New federal guidelines catch up with top AIDS docs' practice of not hitting early with antiretrovirals.

If you believed the headlines in February, the feds had an epiphany about AIDS. Covering the eighth-annual Conference on Retroviruses and Opportunistic Infections in Chicago (see "Conference Call"), journalists from coast to coast reported a "philosophical shift" that had AIDS researchers "reversing course" and "admitting that current drugs cannot ever cure HIV." But while virologists fine-tuned their defensive sound bites, in-the-trenches physicians asked what took so long.

The big news? A Department of Health and Human Services (HHS) panel issued a call to delay starting combination anti-HIV therapy. With the promise of eradication all but dead, the potential perils of early intervention now clearly outweigh the lack of proven drug benefits. For one thing, the longer someone remains on combo therapy, the greater the likelihood of side effects, ranging from lipodystrophy to diabetes. For another, early treatment means more time for drug-resistant viral strains to evolve, thereby diminishing drug efficacy. "The change was to get medical practice consistent with scientific data," explains Project Inform's Martin Delaney, who serves on the panel. But New York City's Howard Grossman, MD, who has long advocated a conservative approach, says, "We've known this for years."

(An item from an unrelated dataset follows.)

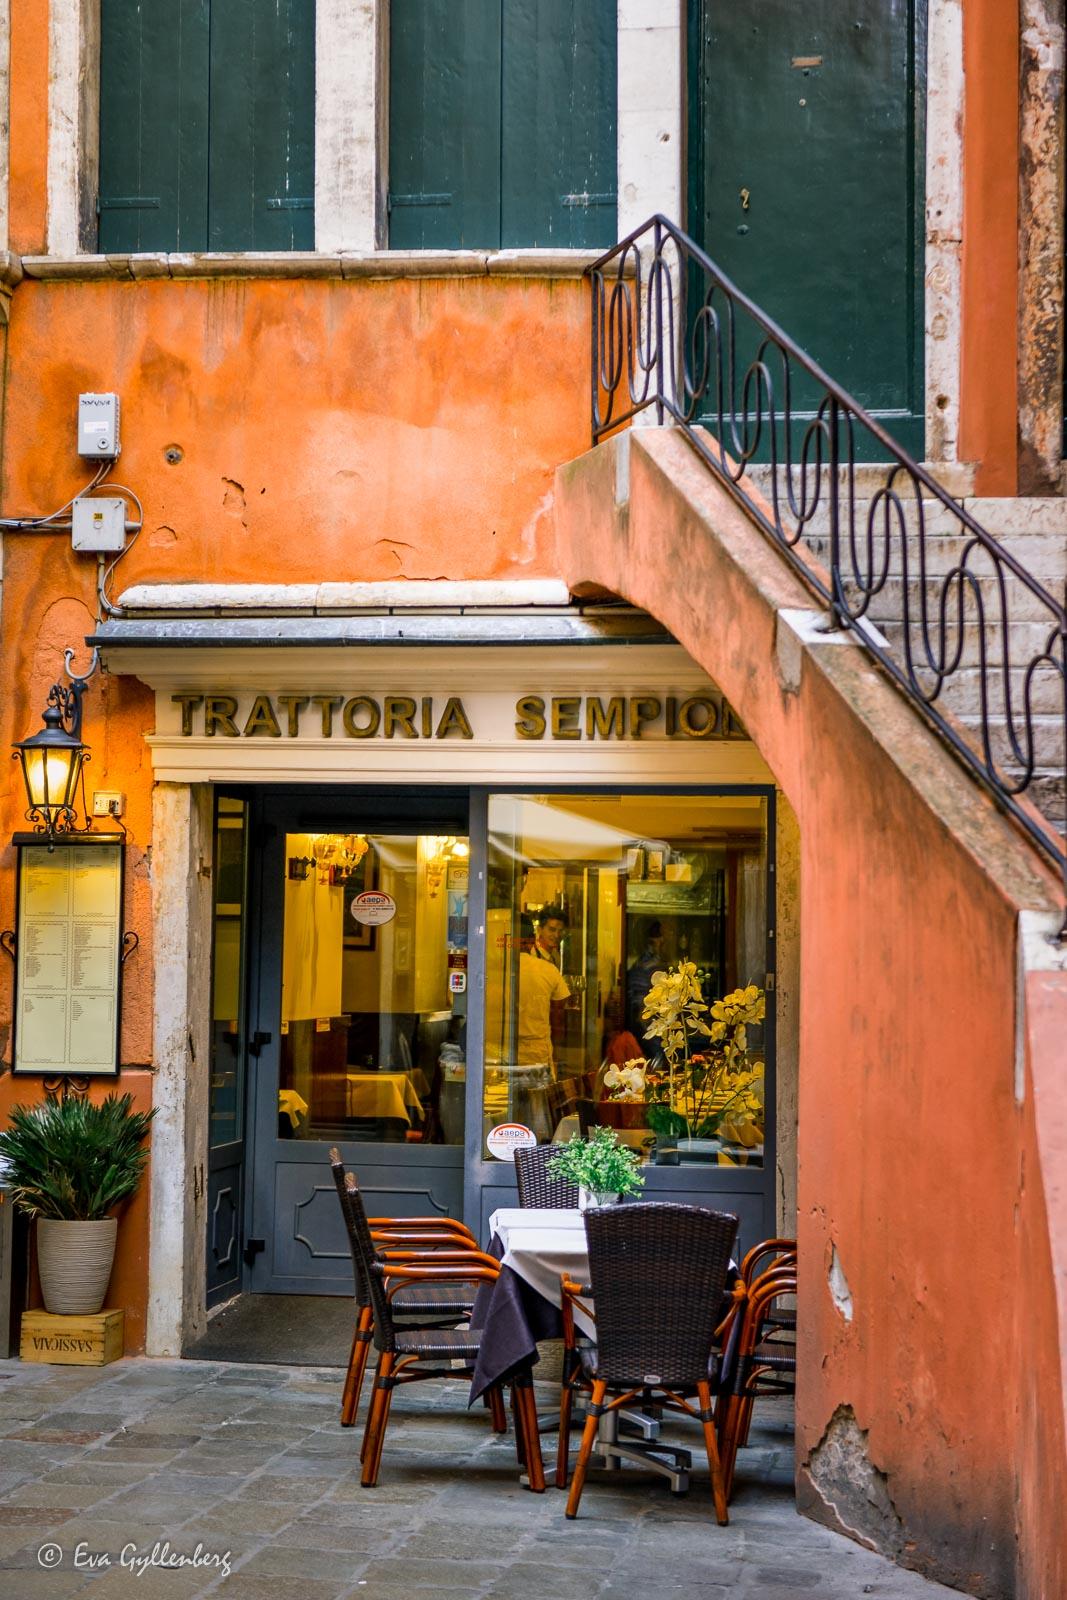 Trattoria i Venedig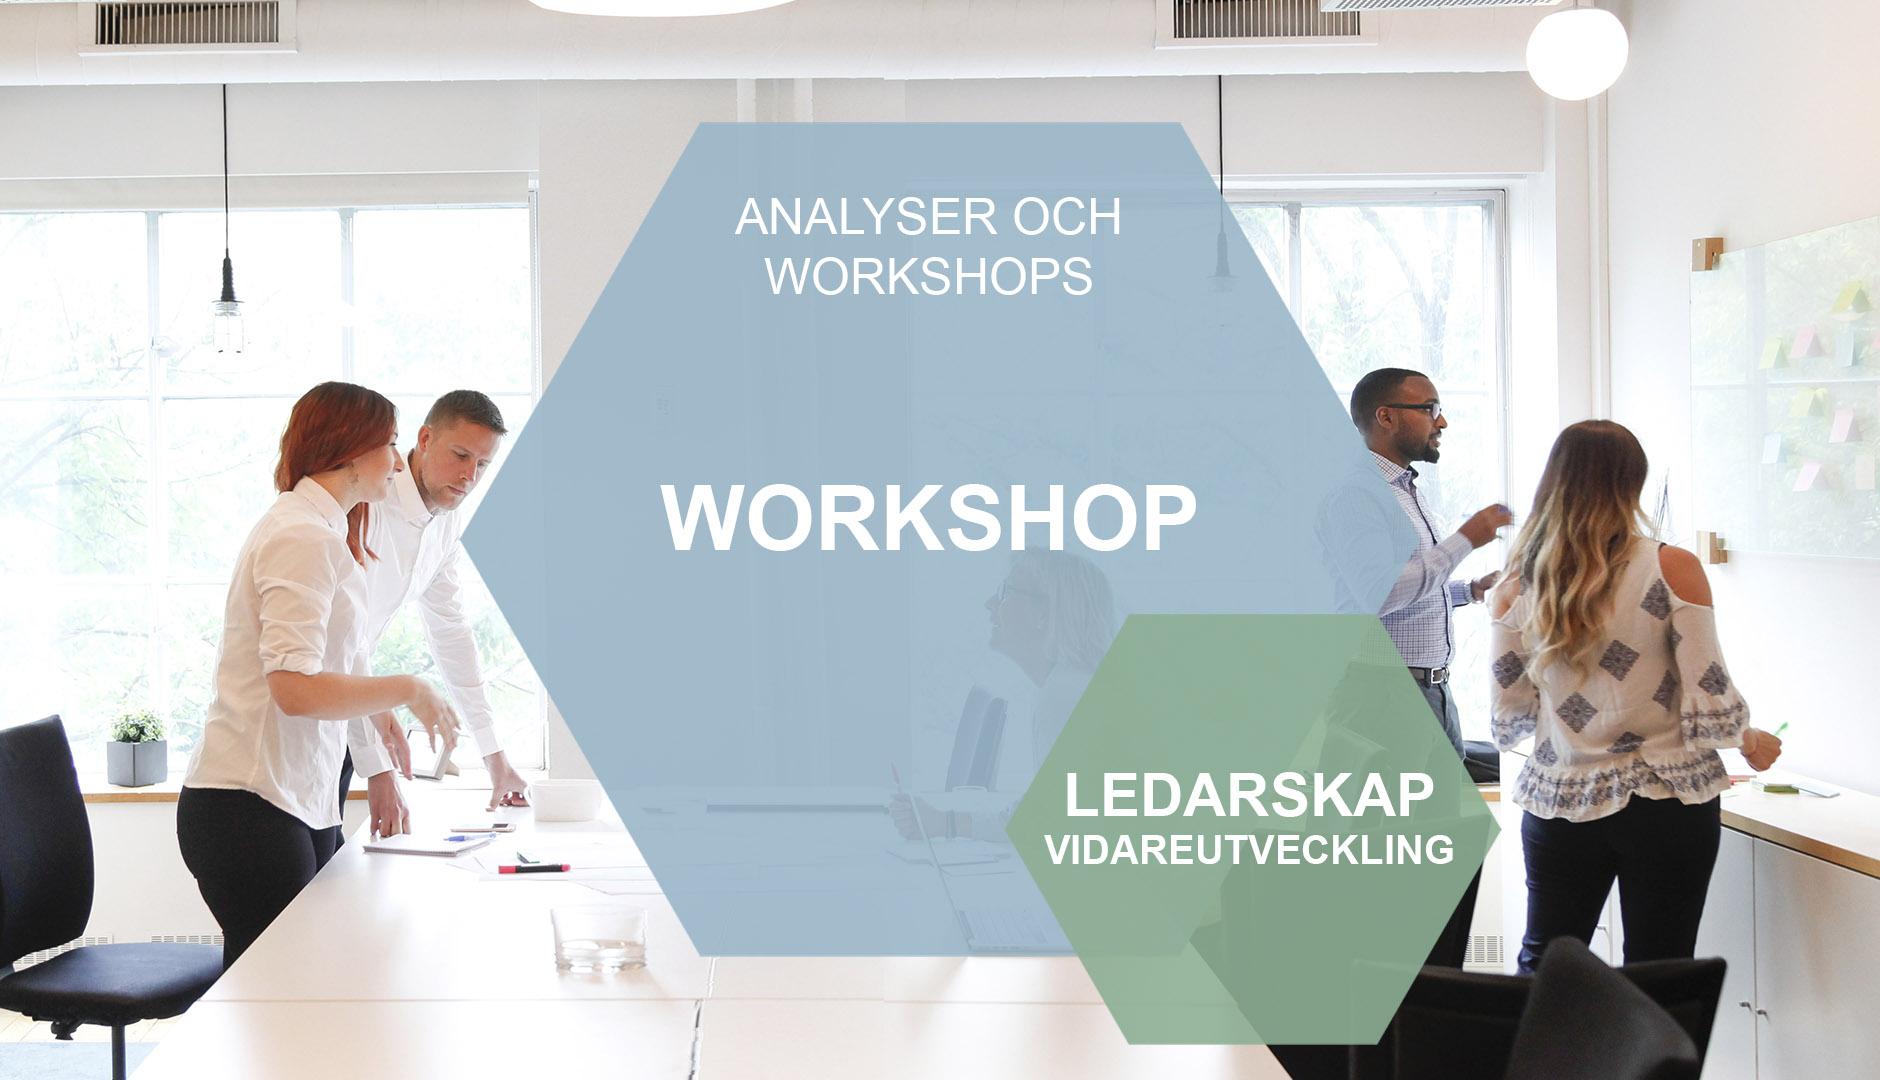 Ledarskap vidareutveckling i hexagon mot bakgrund av människor i workshop

In practical terms, the revised recommendations advise physicians to hold off on HAART until a patient's CD4 count falls below 350, instead of the 1996 standard, 500. The panel also urges to delay treatment until viral load levels rise above 55,000 (instead of 20,000), measured by the more commonly used RT-PCR test, or 30,000 copies per ml (instead of 10,000) on the bDNA test.

"Hit early, hit hard" was the mantra until just about yesterday, coined in 1996, the same year that Time anointed David Ho, MD, its "Man of the Year" for coming "tantalizingly close to eliminating the virus" with protease inhibitors. Without a single large-scale trial to cite, that hype was effectively translated into policy by the same HHS panel. Some physicians, such as New York City's Joseph Sonnabend, MD, blasted the guidelines as early as 1997, arguing that the panel had dropped clinical studies as the key to guiding treatment.

Ho, for his part, hasn't shied from his evangelism in light of the new guidelines, but is redoubling his eradication efforts. "While the winds of therapy are now blowing in the direction of treating later," Ho said at the February conference, "it is doubly important to continue studies to assess the impact of appreciably more potent regimens." Ho showed data from a 14-day study of 22 HIVers taking a five-drug combo of lopinavir/ritonavir, tenofovir, 3TC and efavirenz, noting that their viral load declined nearly twice as fast as the control group, who took four drugs. But there was no data about the long-term side effects.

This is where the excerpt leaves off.